January 7, 2009 in City

Flood warning extends through Friday

Water weighs on roads, roofs
By The Spokesman-Review
 
Map of this story's location

Precipitation, melting snow and heavy traffic created a commuter’s nightmare Tuesday as the Inland Northwest began to emerge from its blizzard of holiday storms.

The snow may be over, but not the trouble.

A heavy snowpack that has collapsed dozens of roofs across the region – including at least 30 in Spokane – claimed at least one more commercial structure Tuesday and threatened more under a forecast for moderate rain through Thursday afternoon.

Snow and rain Tuesday, along with moderating temperatures, triggered a rush of meltwater that covered many roads, a hazard that public officials said will continue for days.

The National Weather Service issued an urban and small-stream flood warning for much of the region through 3 p.m. Friday.

A little more than an inch of rain was expected to fall in Spokane through Thursday afternoon, with 1.8 inches expected in Coeur d’Alene and 1.85 inches in the Silver Valley of North Idaho.

By some accounts, the Tuesday morning commute was one of the slowest-going in the region’s three-week bout with wintry weather.

Two accidents on Interstate 90 near the Argonne and Broadway interchanges slowed westbound traffic to a crawl and eventually backed up other routes as drivers sought a clear path into Spokane, said Monica Harwood, manager of the Spokane Regional Traffic Management Center.

Slow morning traffic was also reported in northwest Spokane.

“It was probably the worst” commute of the season, Harwood said.

By afternoon, water blocked Sunset Boulevard near Government Way in Spokane, forcing police to close Sunset for more than an hour as crews opened drains blocked by snow.

Water covered Second Avenue at Maple Street at mid-afternoon, and the eastbound median lane on the I-90 viaduct in Spokane had standing water.

Jeneen Barratt, who operates an errand service called Classy Rides, said she saw chunks of plowed snow falling from berms Tuesday onto the freeway’s median lanes through Spokane Valley. “I would say people were driving way too fast and there was a lot of water,” she said.

After the rain stopped, fog formed on the West Plains on Tuesday afternoon.

Roofs were just as besieged as the roads.

Firefighters were called to a commercial building at 6619 N. Cedar St. around 5:30 a.m. Tuesday to find that about a third of the structure had collapsed because of snow.

At a Target store at the Northpointe shopping center in Spokane, customers were asked to leave for a short time while a structural engineer and workers checked the roof.

Manager Steve Asher said the store was taking precautions by removing snowy buildup and clearing ice from drains.

Four Ziggy’s stores closed so workers could remove snow from their roofs. They expect to reopen Thursday. The Ziggy’s store in Spokane Valley remained open.

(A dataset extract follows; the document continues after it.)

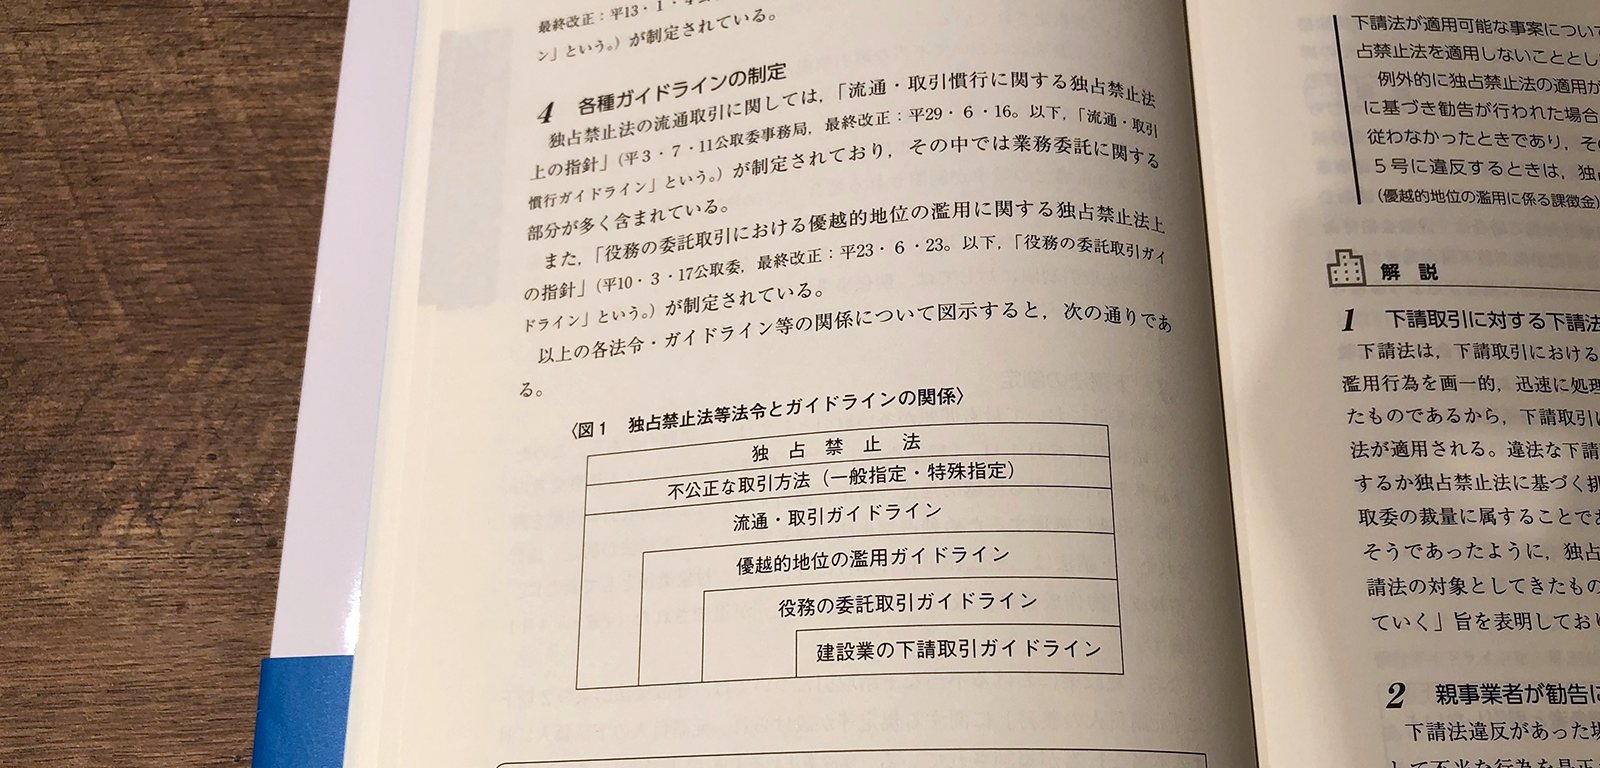 波光巖・横田直和『Q&A 業務委託・企業間取引における法律と実務』P4
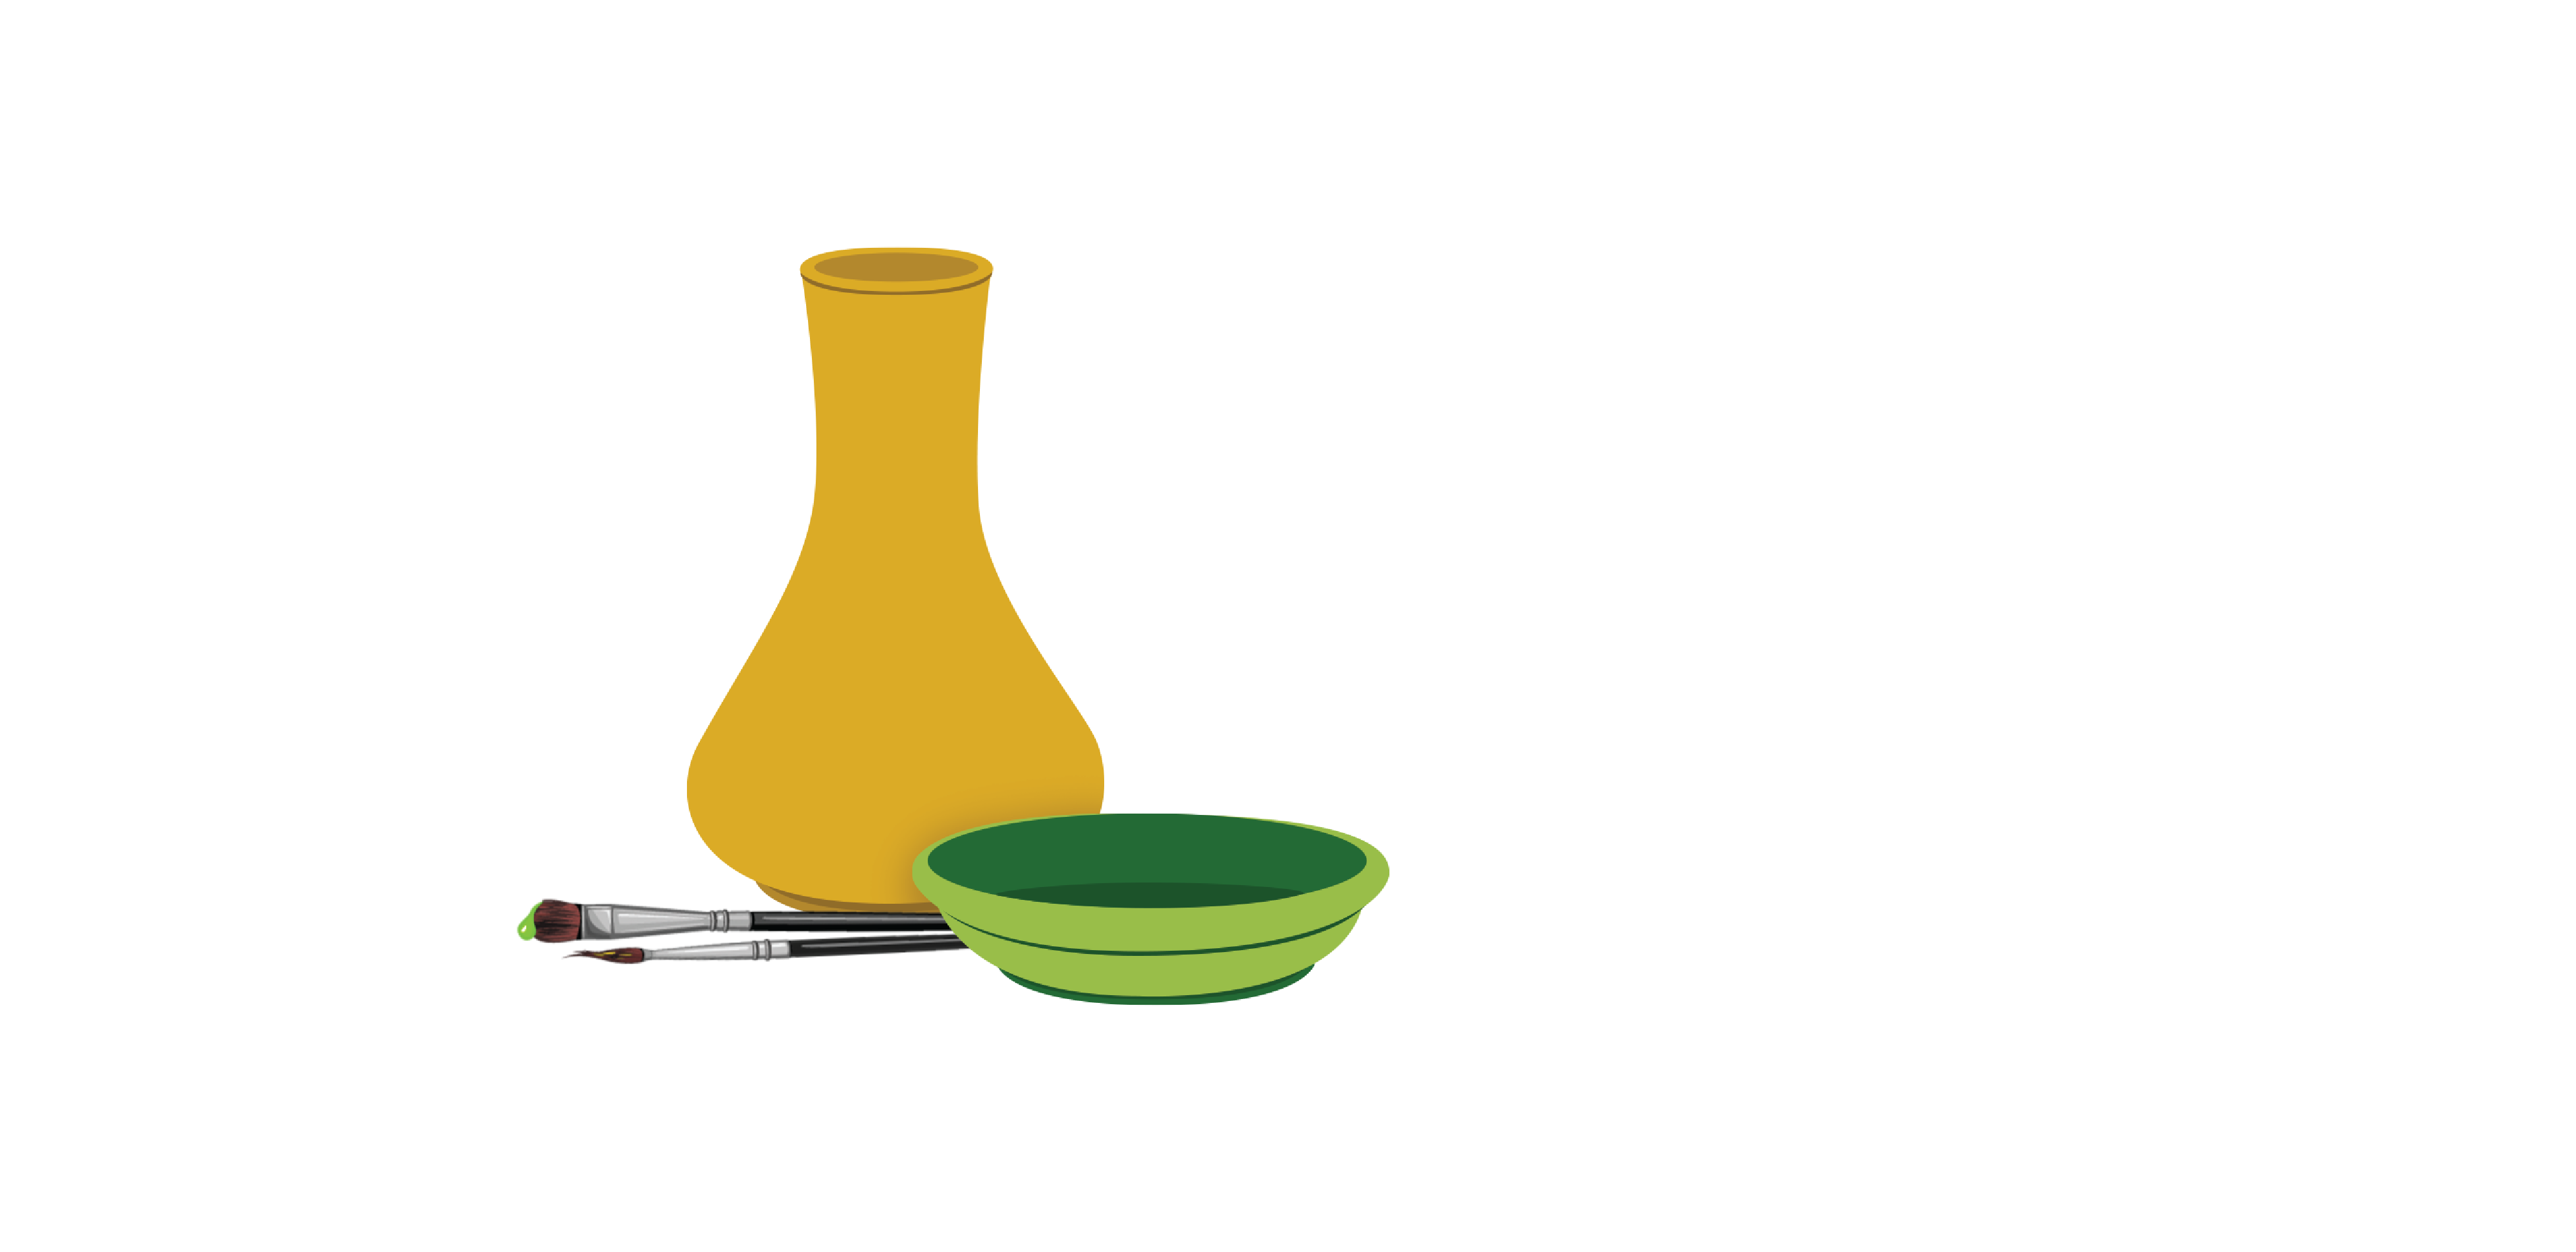 Paint a Pot

Fire crews also scrambled Tuesday to respond to gas leak. And officials expected more gas leaks caused by falling snow and ice and more roofs to give way, Spokane Fire Assistant Chief Brian Schaeffer said.

Counties included in the flood warning were Spokane, Whitman, Garfield and Asotin counties in Washington, and Kootenai, Benewah, Latah and Nez Perce counties in Idaho.

Snowfall for the 2008-’09 season in Spokane reached 78.9 inches as of midnight, weather officials said, making it Spokane’s ninth-snowiest winter already.

On Monday, Spokane also broke a daily record for snowfall with 7.5 inches. The previous record – 6.7 inches – was set Jan. 5, 1959.

Spokane County Engineer Bob Brueggeman said plow crews were widening primary and secondary arterials in unincorporated areas. Crews were clearing ice from storm drains in advance of street flooding. They were also clearing staging areas next to schools for students and buses, Brueggeman said.

“The downside is that as we move stuff back, driveways are going to become exceedingly plugged,” he said. “So we are going to have some upset homeowners.”

Washington state highway crews were working to reopen roadways in the Pullman and Colfax areas. State highways 23 and 272 had just one lane open for emergency and local traffic only, state officials said.

In addition, Highway 27 from Pullman to Garfield and Highway 271 were narrower because of snow.

U.S. Highway 2 from Leavenworth, Wash., to eight miles west of the Stevens Pass summit was closed because of avalanche control efforts. I-90 at Snoqualmie Pass was opened after being closed in the morning.

U.S. Highway 12 was closed Tuesday afternoon for an avalanche control project near Lolo Pass, on the Idaho-Montana border. The highway could reopen late today, depending on the weather and the success of the project, Idaho Transportation Department officials said.

The east-west route connecting Lewiston and Missoula will be closed from milepost 99, at Lowell, and milepost 160. The alternative cross border route is I-90.

Spokane police said a snowplow hit a parked car Tuesday, and officers asked owners to move or at least clear off the tops of their vehicles.

Spokane Transit Authority buses were moving, but several routes had detours because streets were clogged with snow. Go to spokanetransit.com for details.